Generate config prometheus → 10.173.17.4:9090 … Error
Generate config grafana → 10.173.17.4:3000 … Error
Generate config alertmanager → 10.173.17.4:9093 … Error

Error: init config failed: 10.173.17.4:9090: transfer from /root/.tiup/storage/cluster/clusters/tidb-iap/config-cache/prometheus-10.173.17.4-9090.service to /tmp/prometheus_d21b6d81-b2f7-4d71-9ed7-60228725b874.service failed: failed to scp /root/.tiup/storage/cluster/clusters/tidb-iap/config-cache/prometheus-10.173.17.4-9090.service to tidb@10.173.17.4:/tmp/prometheus_d21b6d81-b2f7-4d71-9ed7-60228725b874.service: ssh: handshake failed: read tcp 10.173.17.4:59468->10.173.17.4:22: read: connection reset by peer

扩容新的PD节点，最后在在更新启动监控相关组件报错，查看集群状态PD已经扩容成功，已经修复了scp的问题，如何重新继续执行后面的流程？

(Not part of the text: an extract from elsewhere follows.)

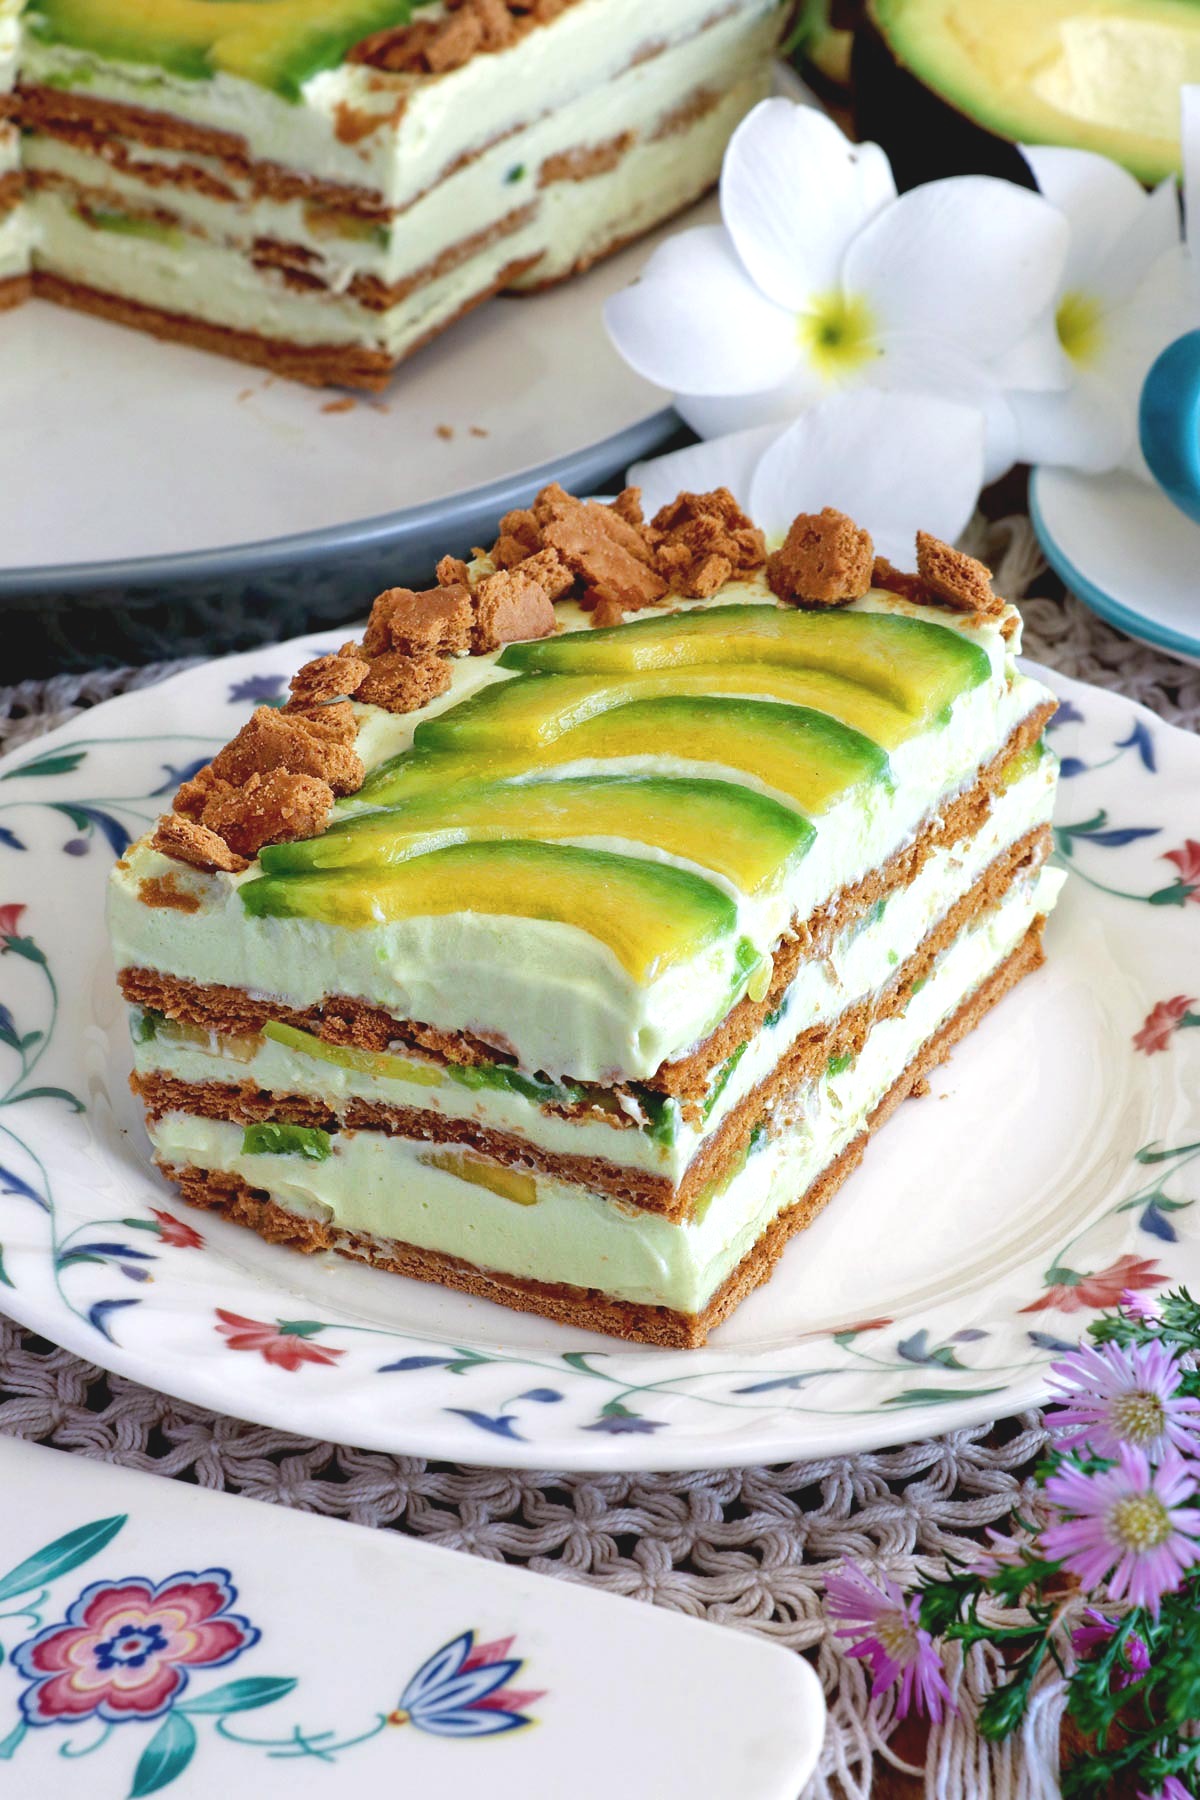 Slices of avocado float topped with slices of avocado and crushed graham crackers in serving plates.

前面失败了，想缩容这个PD节点在重新扩容有有了新的报错，执行命令 ./bin/tiup cluster scale-in tidb-iap --node 10.173.191.94:2379，现在这个节点是down的状态，但是下不掉了，怎么解决呢？
Stopping component pd
Stopping instance 10.173.191.94
Stop pd 10.173.191.94:2379 success
Destroying component pd
Destroying instance 10.173.191.94
Destroy 10.173.191.94 success

Destroy pd paths: [/home/data/tidb-deploy/pd-2379/log /home/data/tidb-deploy/pd-2379 /etc/systemd/system/pd-2379.service /home/data/tidb-data/pd-2379]
Stopping component node_exporter
Stopping instance 10.173.191.94

Error: failed to destroy: failed to stop monitor: failed to stop: 10.173.191.94 node_exporter-9100.service, please check the instance’s log() for more detail.: timed out waiting for port 9100 to be stopped after 2m0s

小龙虾爱大龙虾 · 2025 年3 月 27 日 00:06

测试下 ssh 到目标机器，再看下目标机器的日志

tidb菜鸟一只 · 2025 年3 月 27 日 00:57

开始ssh有问题吧，后面修复了，但是停止失败？直接scale-in 这个节点，不行就带–force，然后重新scale-out吧

乡在人间 · 2025 年3 月 27 日 01:37

scale-in –force强制缩容这个节点，再重新扩容scale-out，这样试一下是否可行

清风明月 · 2025 年3 月 27 日 02:07

重新坐下ssh免密登陆重新扩缩容吧，最好防火墙端口都开下或者关闭。

wluckdog · 2025 年3 月 27 日 02:24

从管理节点ssh-copy-id -i ~/.ssh/id_rsa.pub 10.173.17.4 的秘钥发送给主机10.173.17.4

TiDBer_oqrCNpbV · 2025 年3 月 27 日 07:04

互信解决了，结局之后缩容失败了

TiDBer_oqrCNpbV · 2025 年3 月 27 日 08:14

[root@10.173.17.4 ~]$ scp /root/.tiup/storage/cluster/clusters/tidb-iap/config-cache/prometheus-10.173.17.4-9090.service tidb@10.173.17.4:/tmp/prometheus_3756f0f7-4b8c-4830-b501-dc2de7372f27.service
prometheus-10.173.17.4-9090.service 100% 437 1.1MB/s 00:00

手动执行能成功，但是tiup命令执行报了这个错：
Error: init config failed: 10.173.17.4:9090: transfer from /root/.tiup/storage/cluster/clusters/tidb-iap/config-cache/prometheus-10.173.17.4-9090.service to /tmp/prometheus_3756f0f7-4b8c-4830-b501-dc2de7372f27.service failed: failed to scp /root/.tiup/storage/cluster/clusters/tidb-iap/config-cache/prometheus-10.173.17.4-9090.service to tidb@10.173.17.4:/tmp/prometheus_3756f0f7-4b8c-4830-b501-dc2de7372f27.service: ssh: handshake failed: ssh: unable to authenticate, attempted methods [none publickey], no supported methods remain

tidb菜鸟一只 · 2025 年3 月 28 日 00:46

你用tidb用户安装还是用root安装的，你手工执行的scp使用的root，但是命令里是tidb用户啊，你tidb用户之间做了免密吗？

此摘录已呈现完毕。